Bohart, A.C. & Wade, A.G. (2013). The client in psychotherapy. In M. Lambert (Ed.) Bergin and Garfield’s handbook of psychotherapy and behavior change (6th ed.), pp. 219-257. Hoboken, NJ: Wiley.
Some authors argue that client factors account for 30% of variance in outcomes. That represents a greater association to psychotherapy outcome than therapist effects and therapeutic techniques combined. In this part of the Handbook chapter on client factors, Bohart and Wade discuss client attachment. Bowlby found that attachment relationships were important and were different from other relationships. Attachment figures confer a sense of security and safety to infants that allow children to explore their environment and experience the self. Attachment patterns that develop in childhood tend to be stable throughout the lifespan, but attachment style can change with positive (i.e., psychotherapy, romantic relationships) and negative (i.e., traumatic events) experiences. Attachment security is associated with adaptive affect regulation, positive view of self and others, and reflective functioning that is related to mentalizing. Attachment anxiety is associated with maladaptive up-regulation of emotions, positive view of others but negative view of self, and reduced reflective functioning likely due to preoccupation with relationships and emotion dysregulation. Attachment avoidance is associated with maladaptive down-regulation of emotions, negative view of others and positive view of self (or negative view of others and negative view of self in the case of fearful avoidant attachment), and limited reflective functioning due to dismissing of emotions and relationships. There are also disorganized attachment states related to traumatic events. Those with attachment avoidance tend to be distrustful and less likely to seek psychotherapy.
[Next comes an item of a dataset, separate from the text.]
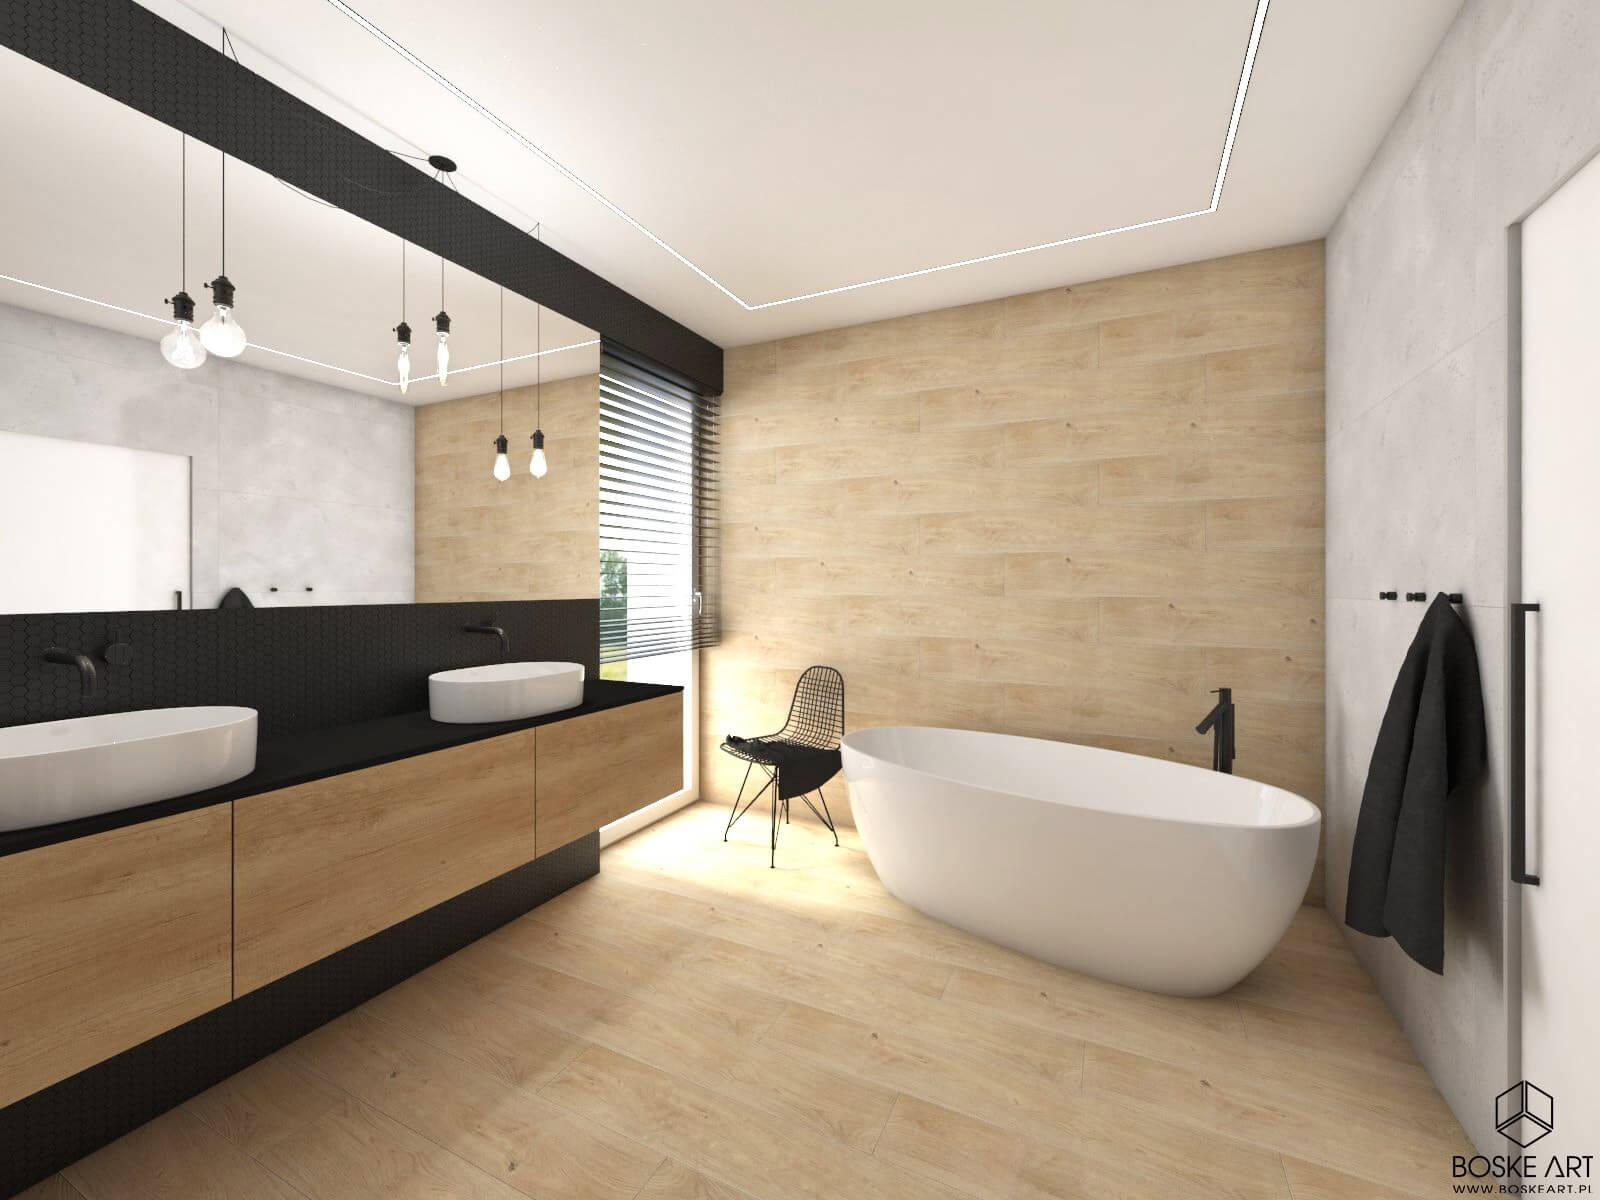 18_mieszkanie_poznan_boske_art_projektowanie_wnetrz_architektura_natalia_robaszkiewicz-min

A meta-analysis by Levy and colleagues (2011) of 19 studies including 1467 clients found that attachment security was associated with good psychotherapy outcomes and attachment anxiety was negatively associated with good outcomes. No relationship was found for attachment avoidance and outcomes. Diener and Monroe (2011) conducted a separate meta analysis on attachment and therapeutic alliance which included 17 studies with 886 clients. They found that clients with secure attachments had better alliances with their therapist and those with insecure attachments (anxious or avoidant) had weaker alliances.
Practice Implications
The research is clear that client attachment style influences how clients enter therapy, engage with the therapist, and experience outcomes. Attachment style likely affects specific therapy behaviors like self-disclosure and amount of exploration. In his book Attachment and Psychotherapy, David Wallin (2007) translates attachment theory into a framework for adult psychotherapy by tailoring interventions to specific attachment styles. For example, clients with greater attachment anxiety may do better in psychotherapy when the therapist: helps with down regulation of client emotional experiences, behaves in a way that does not evoke client fears of abandonment or loss, and helps clients improve reflective functioning by encouraging a thoughtful appraisal of their behaviors. On the other hand clients with greater attachment avoidance may require a therapist who: slowly introduces the client to greater attention to emotional experiences, does not demand too much from the client in terms of closeness in therapy at the outset, and encourages reflective functioning by helping the client understand the association between defensive avoidance of affect and relationship problems.